Paul great repair. I would have done the same.


----------



## deleteme (Apr 7, 2011)

deleteme said:


> *...*
> 
> ...........


Thanks Dave! My biggest challenge was moisture. As you already know, it's always humid down here, winter, spring, summer, and fall. Setting time almost doubles itself and keeping clamps aligned to sweaty cast iron can be difficult too. To accomplish the clamping I recruited a few rubber washers which I placed under the clamp seats. Once I had the clamps in place with a brace on the bottom half of the table, I simply mixed the epoxy, waited about 10 minutes for it to harden a bit and used tiny wooden triangles as spatulas to force it in from the top. To ensure I completly filled the hole, I used a small old screwdriver which I found by my car on my way to work this morning (Something told me that it would come in handy!) Then scrape away excess and steel wool it down like it owes you money (Carefully of course!). I found that the second hole was easier than the first because I took my time. Patience always seems like the best remedy for a failed first attempt. As always, thanks for providing your wisdom Dave…


----------



## deleteme (Apr 7, 2011)

deleteme said:


> *...*
> 
> ...........


Update: Decided to read up on creating dovetails and planes this weekend. Thanks Dave for all your recommended reading. Sunday Service was great as usual. Oh, I also surfaced and primered the ol' grizzly while waiting on "Sparky" to wire the garage up (Next week, I hope! So anxious to create some sawdust with her…).
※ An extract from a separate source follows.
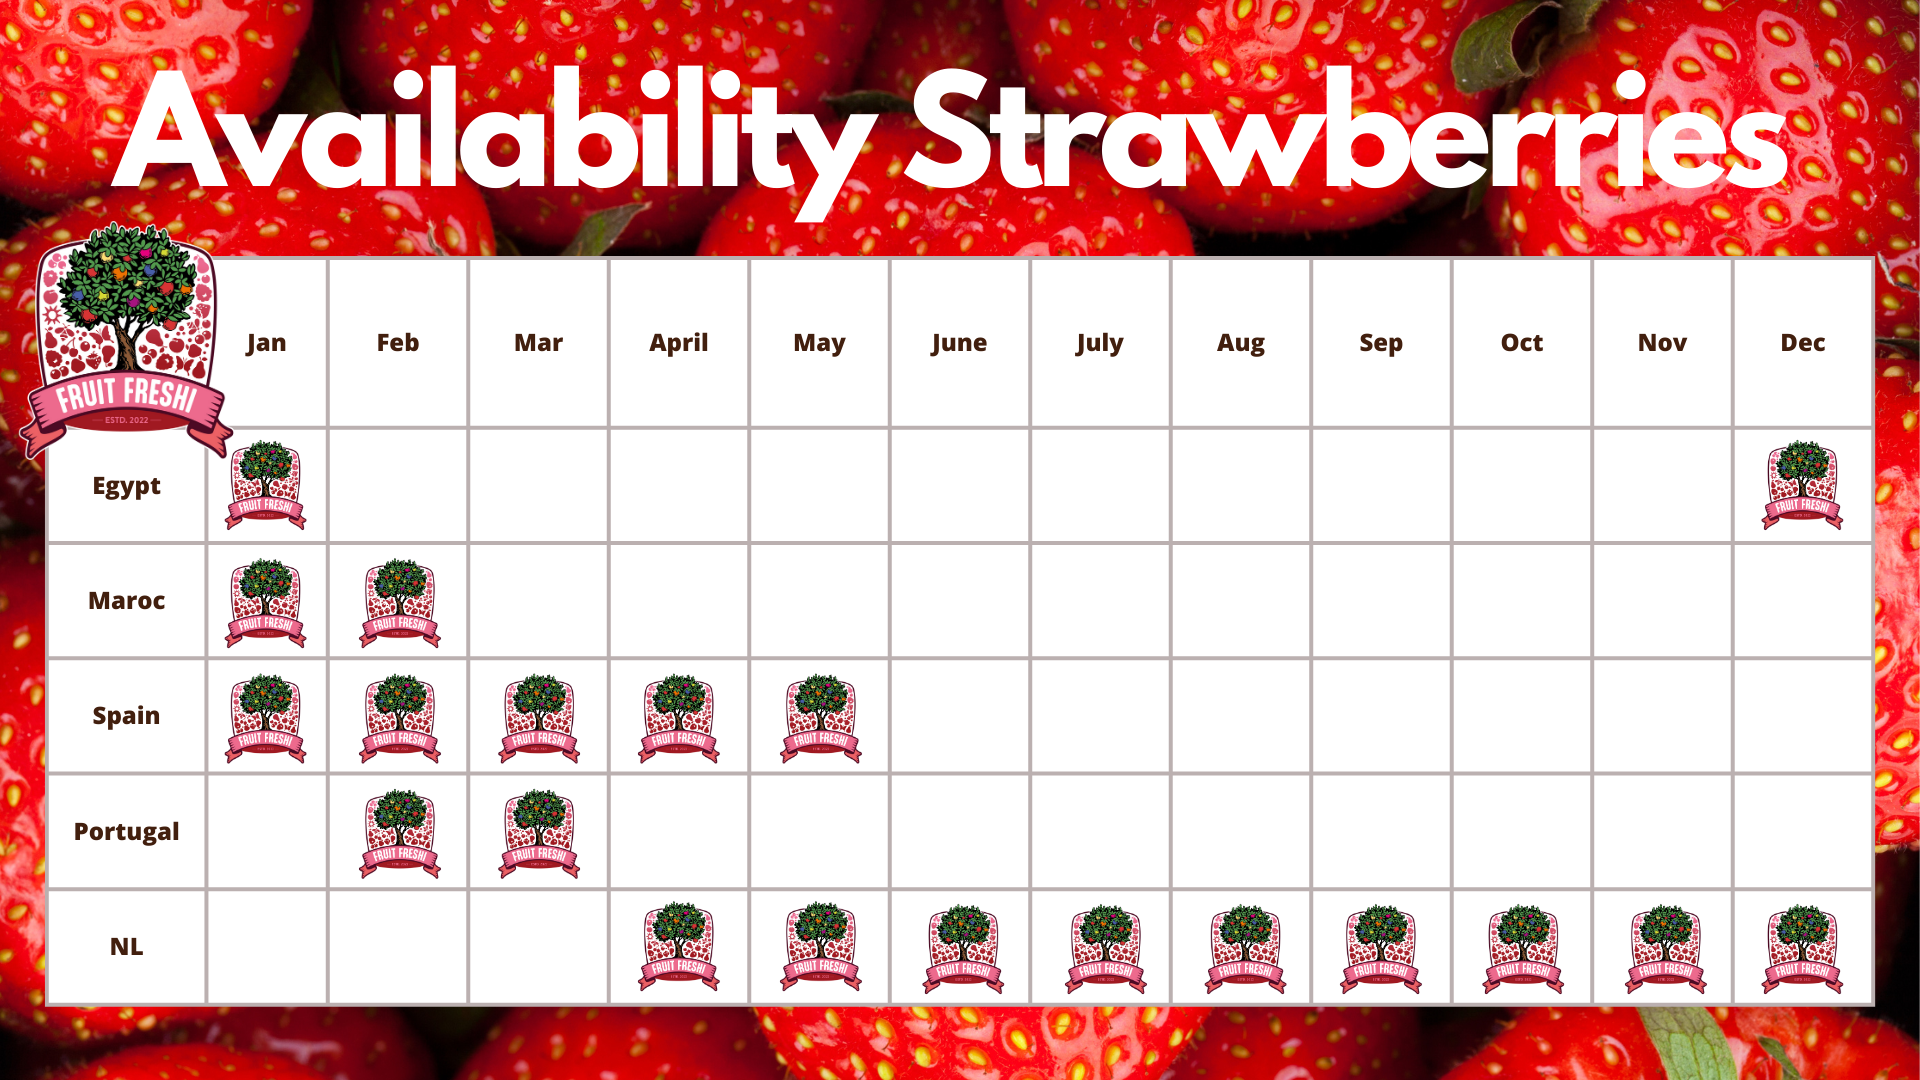 Availability Strawberries Fruit Freshi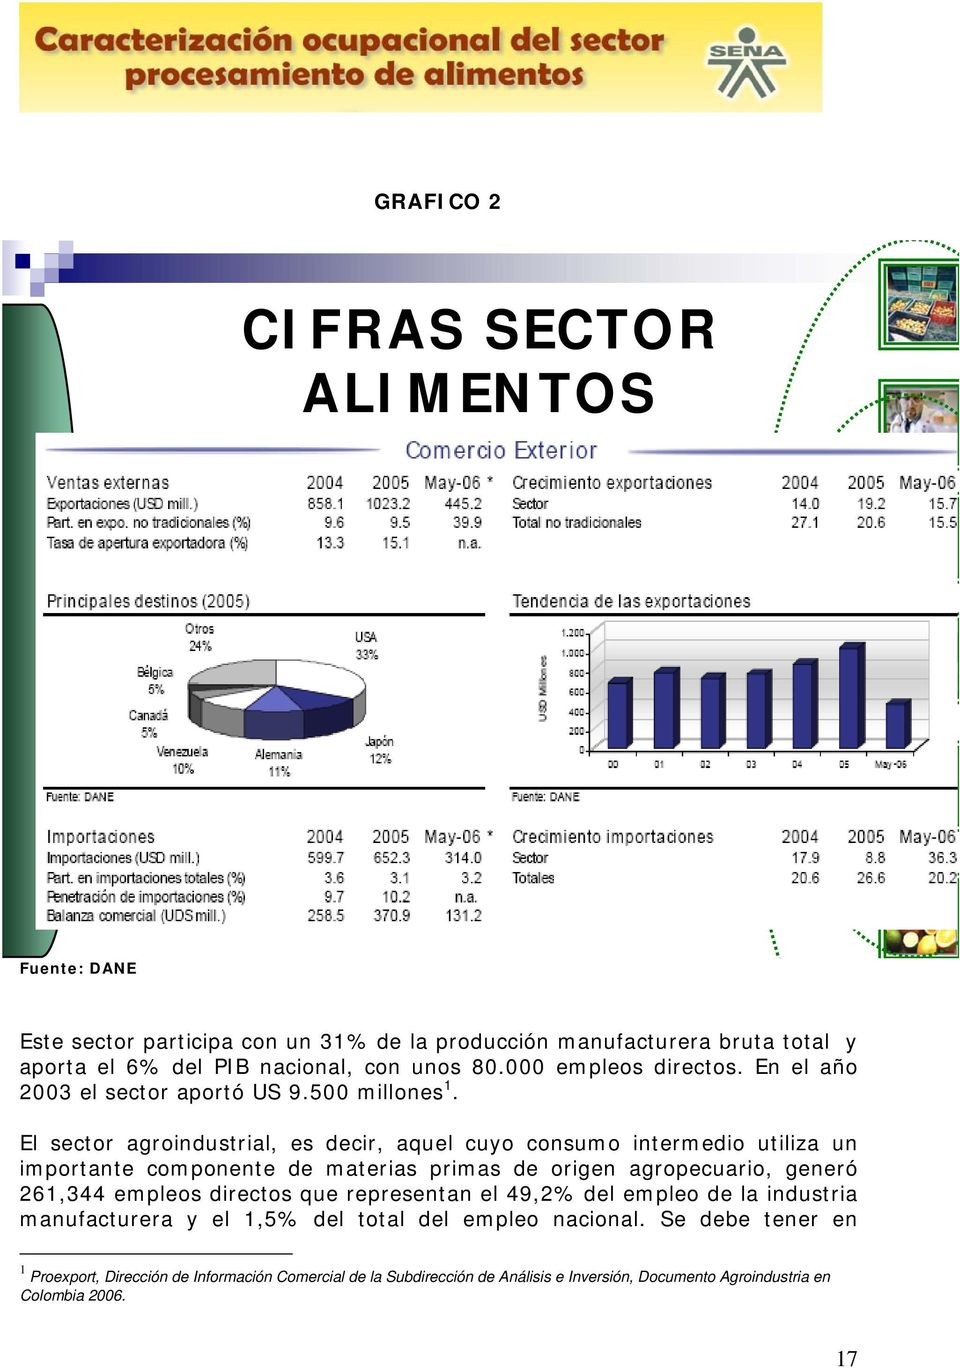 El sector agroindustrial, es decir, aquel cuyo consumo intermedio utiliza un importante componente de materias primas de origen agropecuario, generó 261,344 empleos

Hope you guys had a great weekend! By the way, who's ahead in Stumpy's Contest? Great concept (Tubafore)


----------



## superdav721 (Aug 16, 2010)

deleteme said:


> *...*
> 
> ...........


Paul glad you have been reading. I started dovetails with a marples flush cut saw and a protractor. And the contest has been a blast. There are some great entries. Stumpy will do a video next weekend and we will see.


----------



## rance (Sep 30, 2009)

deleteme said:


> *...*
> 
> ...........


Me too on being late to this party. I would have recommended counter sink to clear the burrs. Then follow up with screwing a wooden dowel into the holes and cutting/sanding off flush. I also like the Bondo idea as it might be removable later too.


----------



## deleteme (Apr 7, 2011)

*...*

...


----------



## canadianchips (Mar 12, 2010)

deleteme said:


> *...*
> 
> ...












A simple start would be making a scrub plane ! A german style with the front horn is always nice to look at and to use. 
Then a small block plane - same profile
Then a smoother
Then
Then 
'Then…......the list can go on and on !


----------



## deleteme (Apr 7, 2011)

deleteme said:


> *...*
> 
> ...


@canadianchips - Sweet scrub plane! German Engineering always captures my attention. I drove a Wolfsburg VW until the wheels literally feel off… Oh, I was also recommended David Finck's "Making and Mastering Wood Planes". What do you think? Now the challenging part is getting the kids ready to head out to the Bookstore. Thanks for sharing and getting the suggestions rolling…


----------



## deleteme (Apr 7, 2011)

deleteme said:


> *...*
> 
> ...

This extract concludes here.